Planners must focus on revenue generation not foreign aid
LAHORE: Pakistani planners spend more time on arranging foreign loans instead of generating revenues domestically, and now as the foreign inflows are drying up the emphasis has shifted to further tax those that are already in tax net.
The revenues are being increased by enhancing the rate of sales tax, penalising high taxpayers with a special tax, imposing excise duties, and increasing petroleum levies. The net result is that those who avoid taxes are living happily, while the tax payers are ruing the day when they decided to pay the government taxes.
It is a pity that out of a total population of 200 million, hardly half a million pay taxes. The situation has worsened over years. When Nawaz government was toppled in 1999, the tax to GDP ratio of the country was 13.5 percent though the total tax collection was only Rs300 billion. The number of tax filers was 1.1 million.
When the Shaukat Aziz government lost election in 2008, the tax to GDP ratio declined to 10 percent but the total tax collection was around Rs2,000 billion. The tax filers were only 1 million.
This shows increasing wealth resulted in letter taxes. When the PPP government completed its tenure in 2008, the tax to GDP ratio dropped to 8 percent of the GDP. The number of tax filers reduced to 0.7 million and now the number of tax filers is even less, though the tax revenues have crossed Rs3,000 billion.
The entire world, including most trusted friends of Pakistan are now convinced that the solution to Pakistan’s economic woes lies in exploiting the revenue generation potential that is being ignored by successive governments to protect vested interests.

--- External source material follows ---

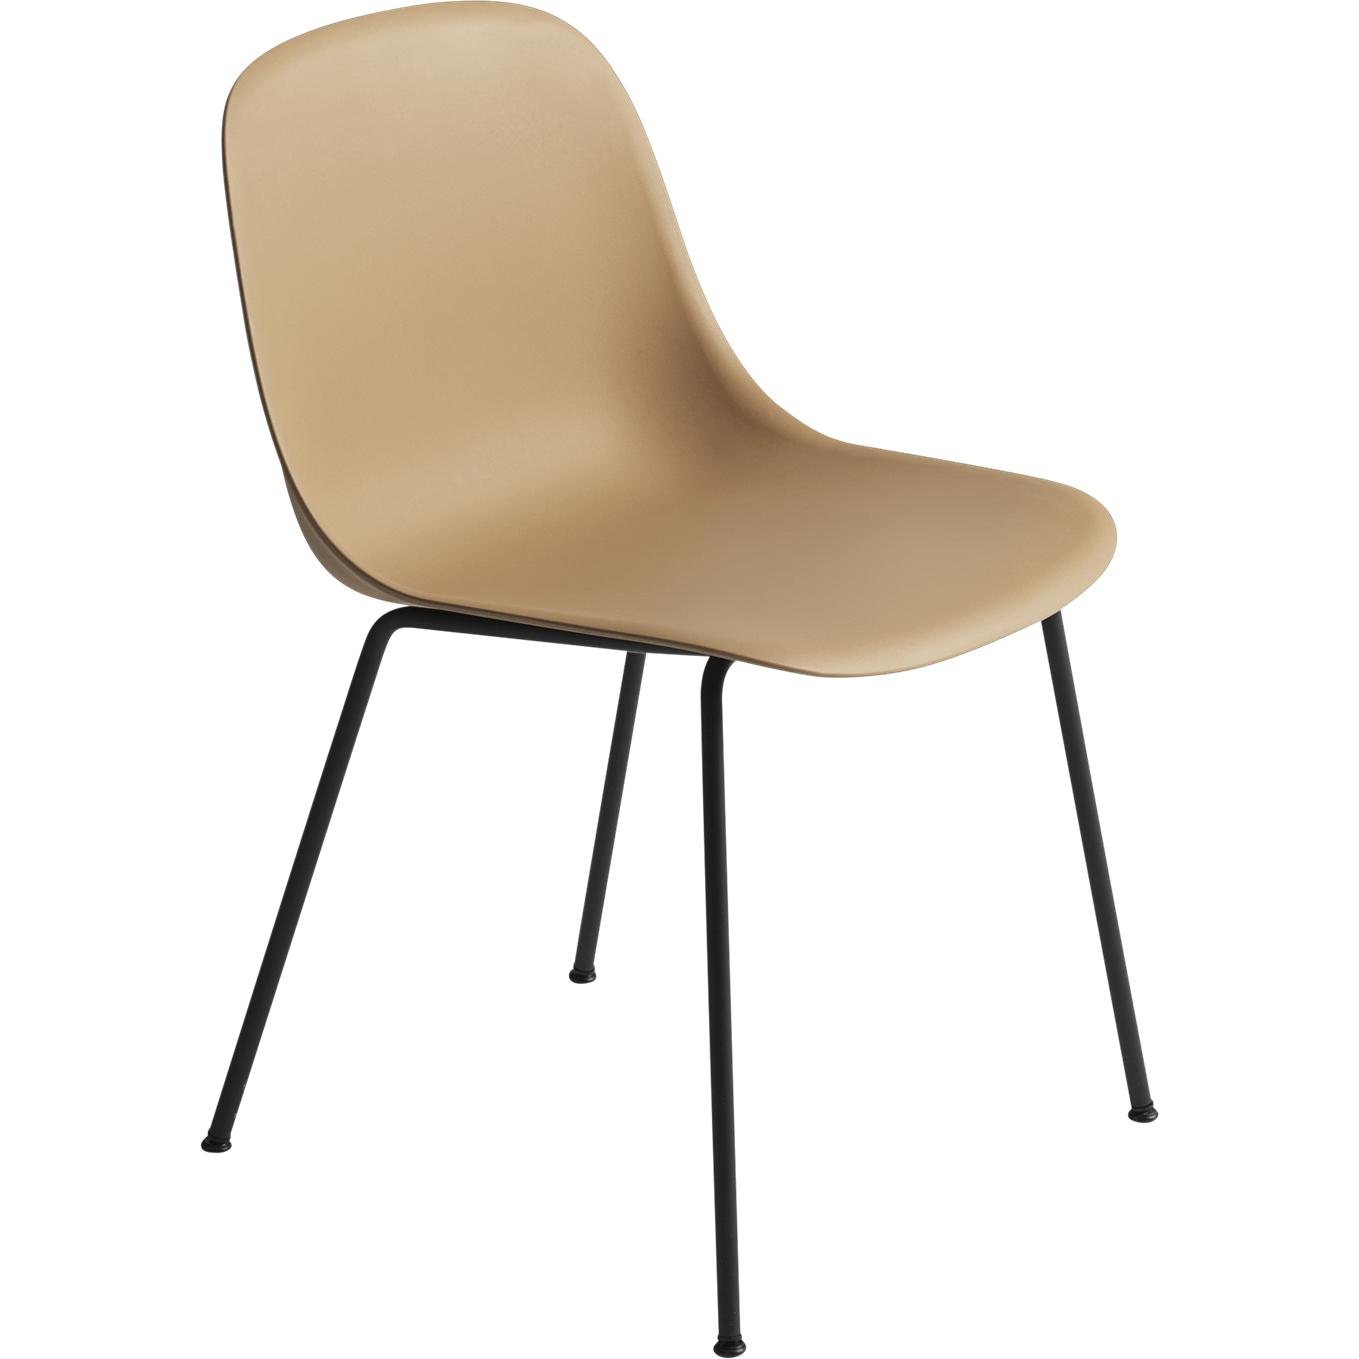 Base de tubo de silla lateral de fibra muuto, asiento de fibra, marrón/negro

Who is to blame for this sorry state of affairs? It is a known fact that taxpayers around the world adopt all means to avoid taxes. The financial wizards in state machinery knowing this tendency devise rules and regulation, and take assistance from technology to curb tax avoidance.
Private sector representatives who attended the 2010 meeting of the Friends of Democratic Pakistan in Brussels know that the friends asked the government to tax its rich to generate resources for development.

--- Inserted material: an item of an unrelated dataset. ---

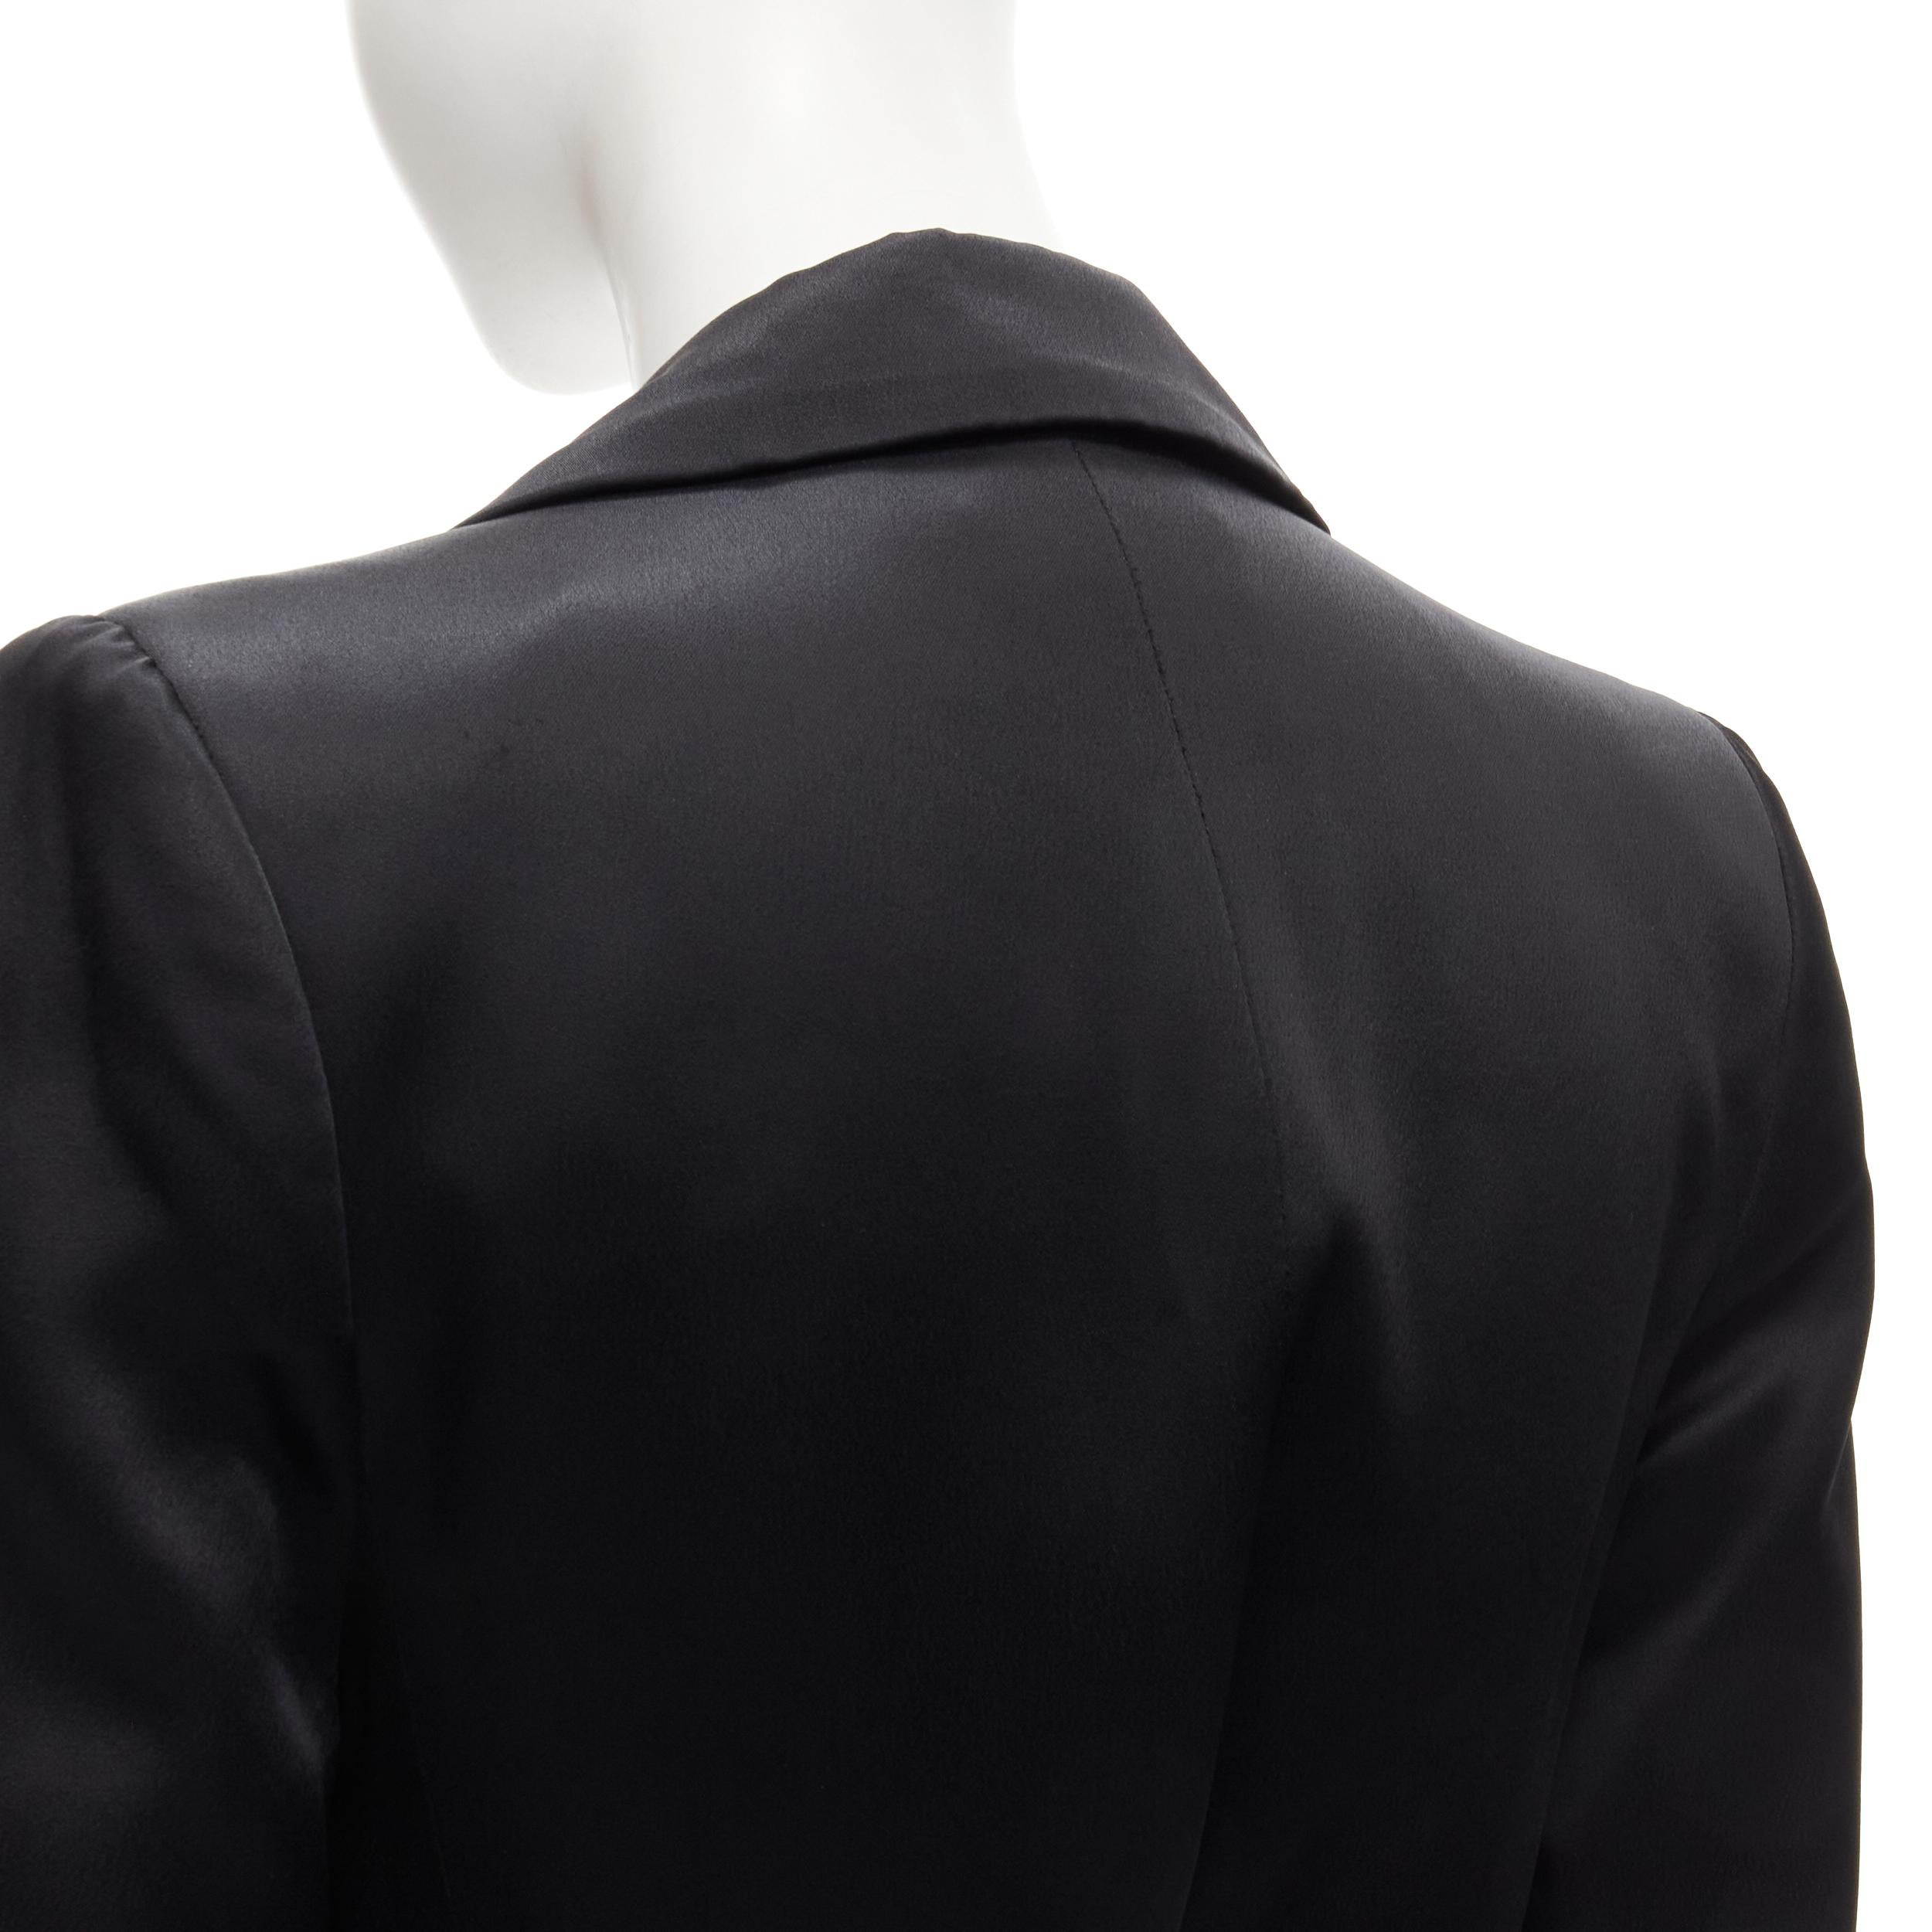 MATICEVSKI 2019 Firmament black slit sleeve plunge belted blazer vest AUS8 M 4

Much before this meeting, the then the US secretary of state Hillary Clinton had advised the government of Pakistan to increase its tax base and tax compliance and reduce dependence of external resources for development.
Even the businessmen admit that the international friends of Pakistan have a point. The country has failed to tax rich agriculturists; it is reluctant to document the land record. Real estate remained nominally taxed and it has become the parking avenue for illegally earned money.

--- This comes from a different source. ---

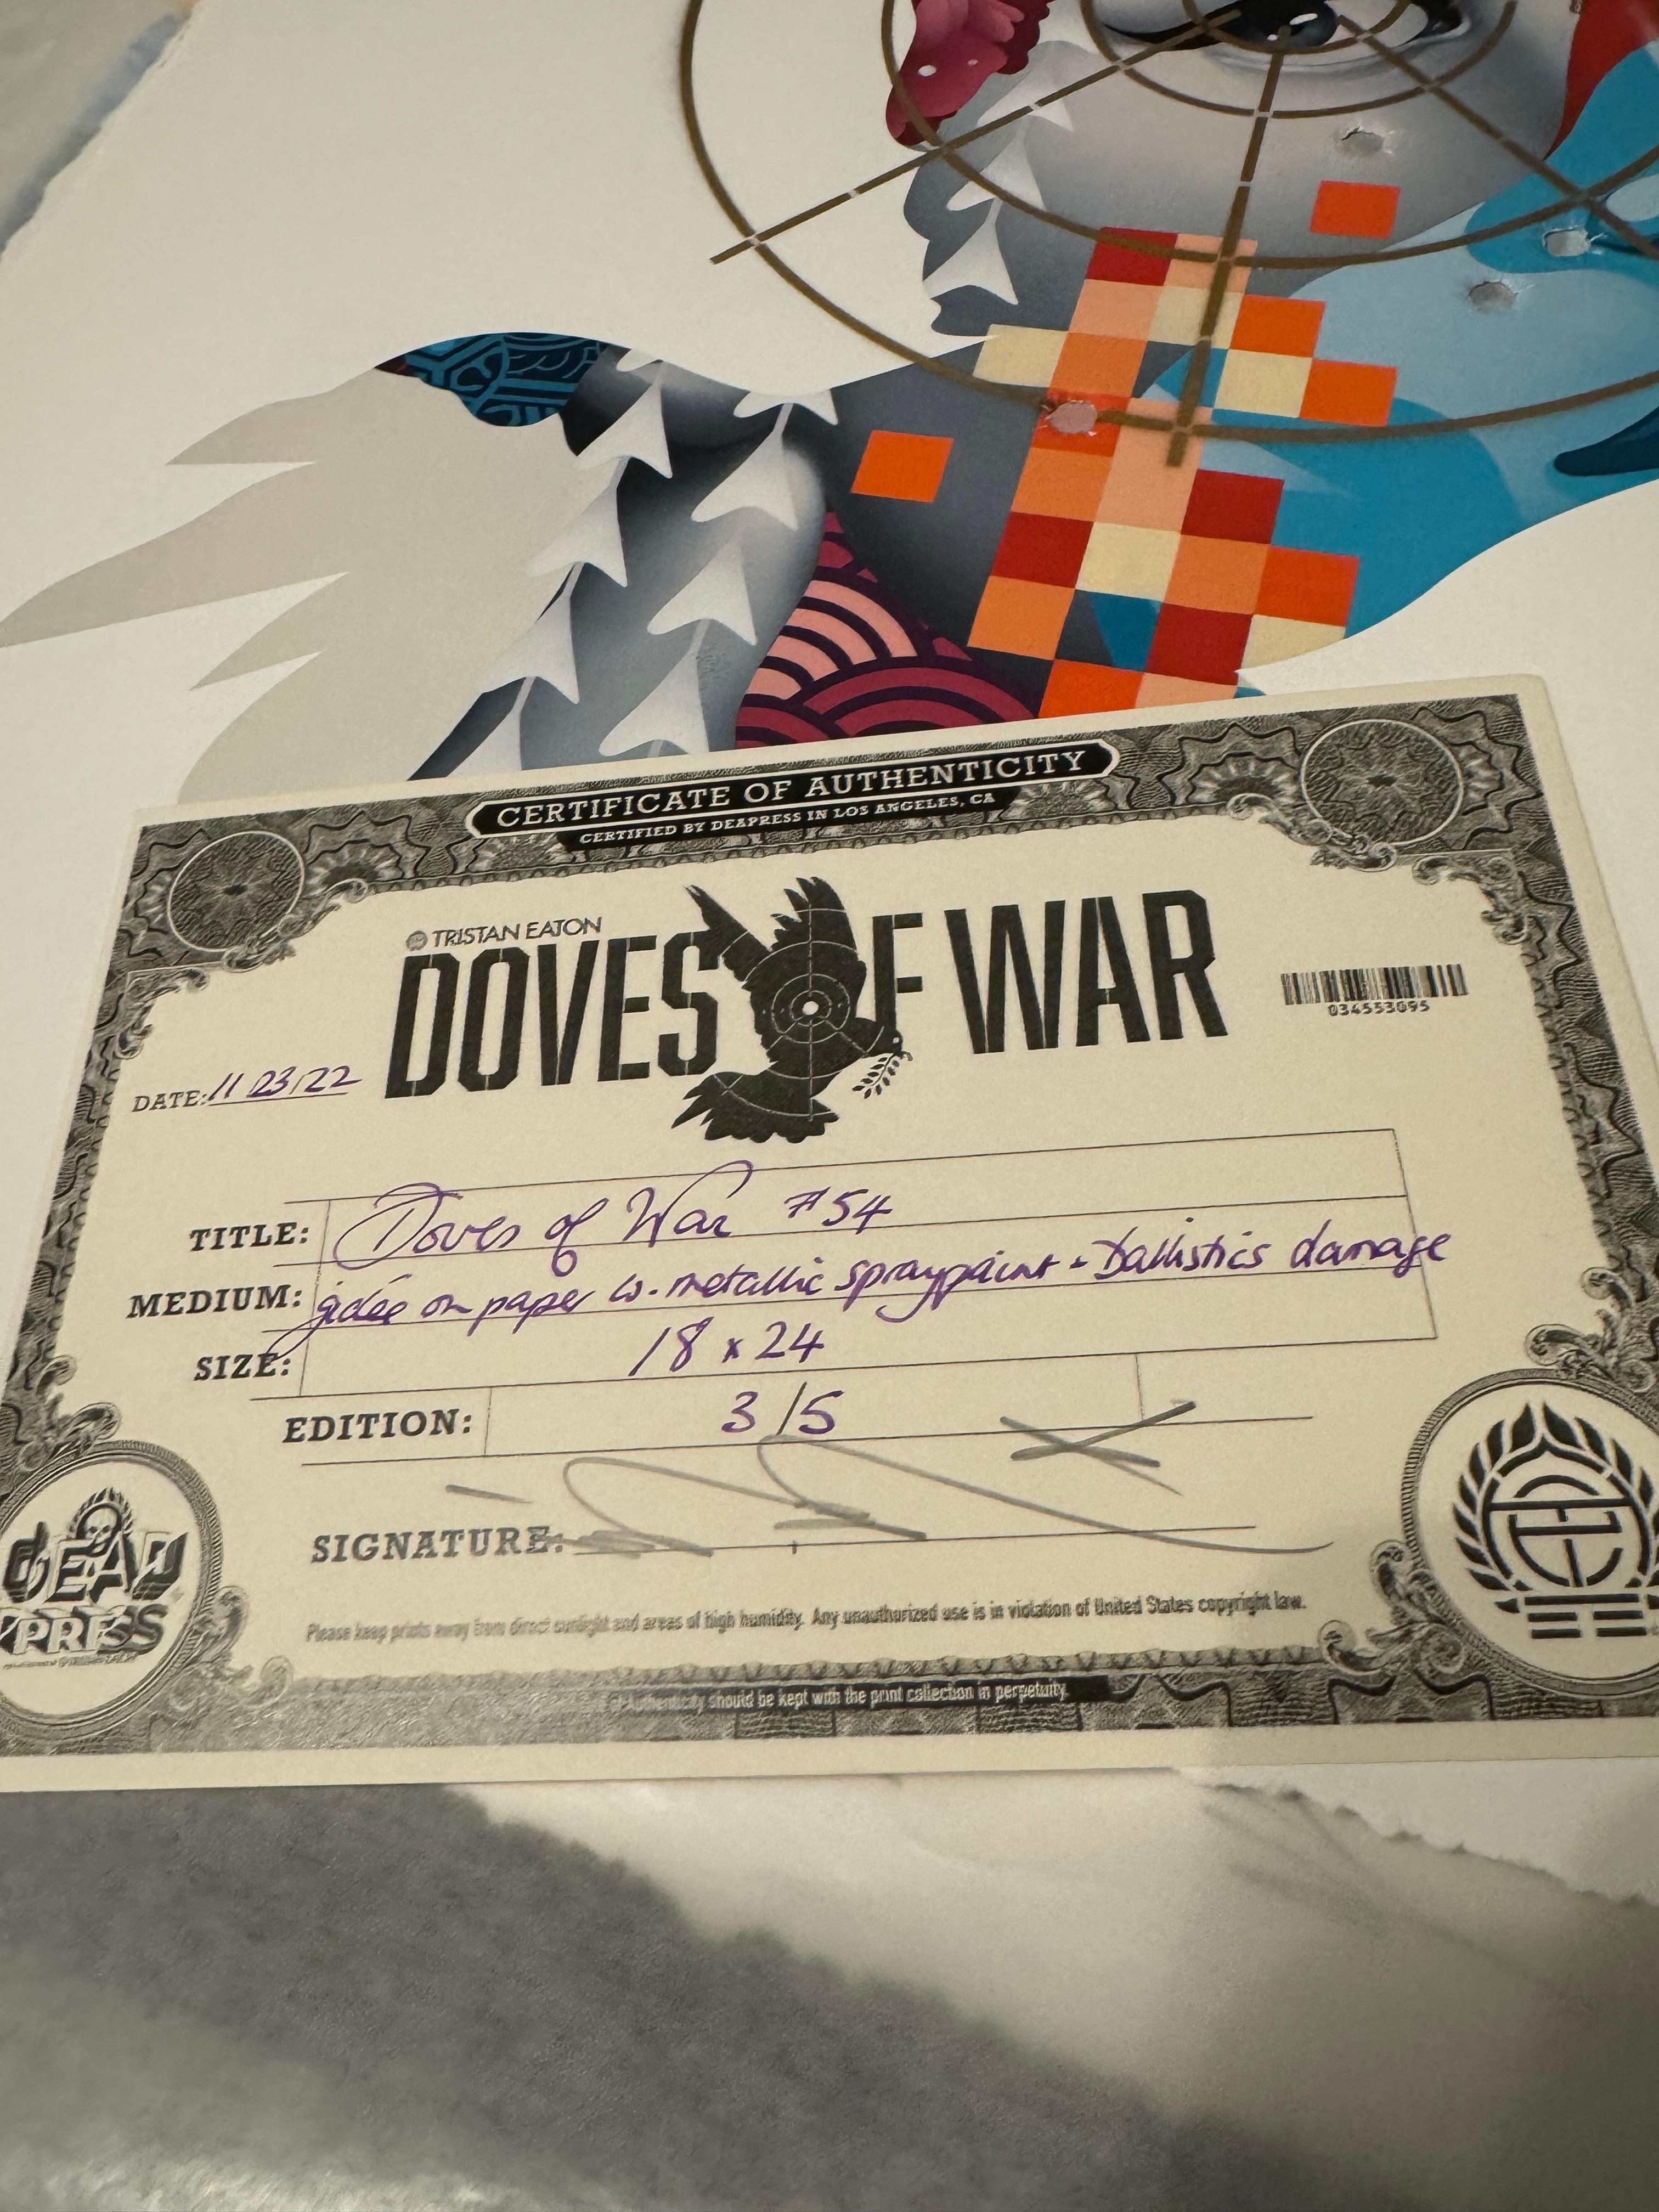 Sérigraphie embellie Doves of War #54 signée et numérotée - Print de Tristan Eaton

The government asks no questions for whatever foreign remittance is brought in the country providing smugglers, drug pushers, corrupt bureaucrats a window to whiten their money. All incomes world over are treated equally. But it is not so in Pakistan.
“How could the rent collected from agricultural land be treated differently than the rent collected on urban property?” In both cases the earning is the same and the beneficiary earning from rent.
The services sector has mostly been spared from the GST. Now that the exemptions have been withdrawn - on services like doctors, engineers and lawyer - these services come under the jurisdiction of the provinces that are not keen on imposing service tax.
Even if these services came under provincial sales tax, the record of the payments made would not be available with the federal government to calculate their gross income. The revenues might increase to some extent but sustained increase without proper documentation would not be possible.
For decades the World Bank, IMF and the Asian Development Bank have been advising governments in power to expand the tax base and get rid of the non-documented economy. They however were forced to make a compromise when the governments in power expressed their reluctance to tax the exempted sector.
During the last decade, almost all increase in revenues has been generated by increasing levies and duties on petrol, diesel, phone calls, electricity, and natural gas. This has impacted the poor more than the rich.
RGST if imposed in the true spirit of value-added tax could have brought a visible change in tax culture. In its present form, this tax might increase revenues for a while, and still keep most of the politically protected sectors out of the income tax net.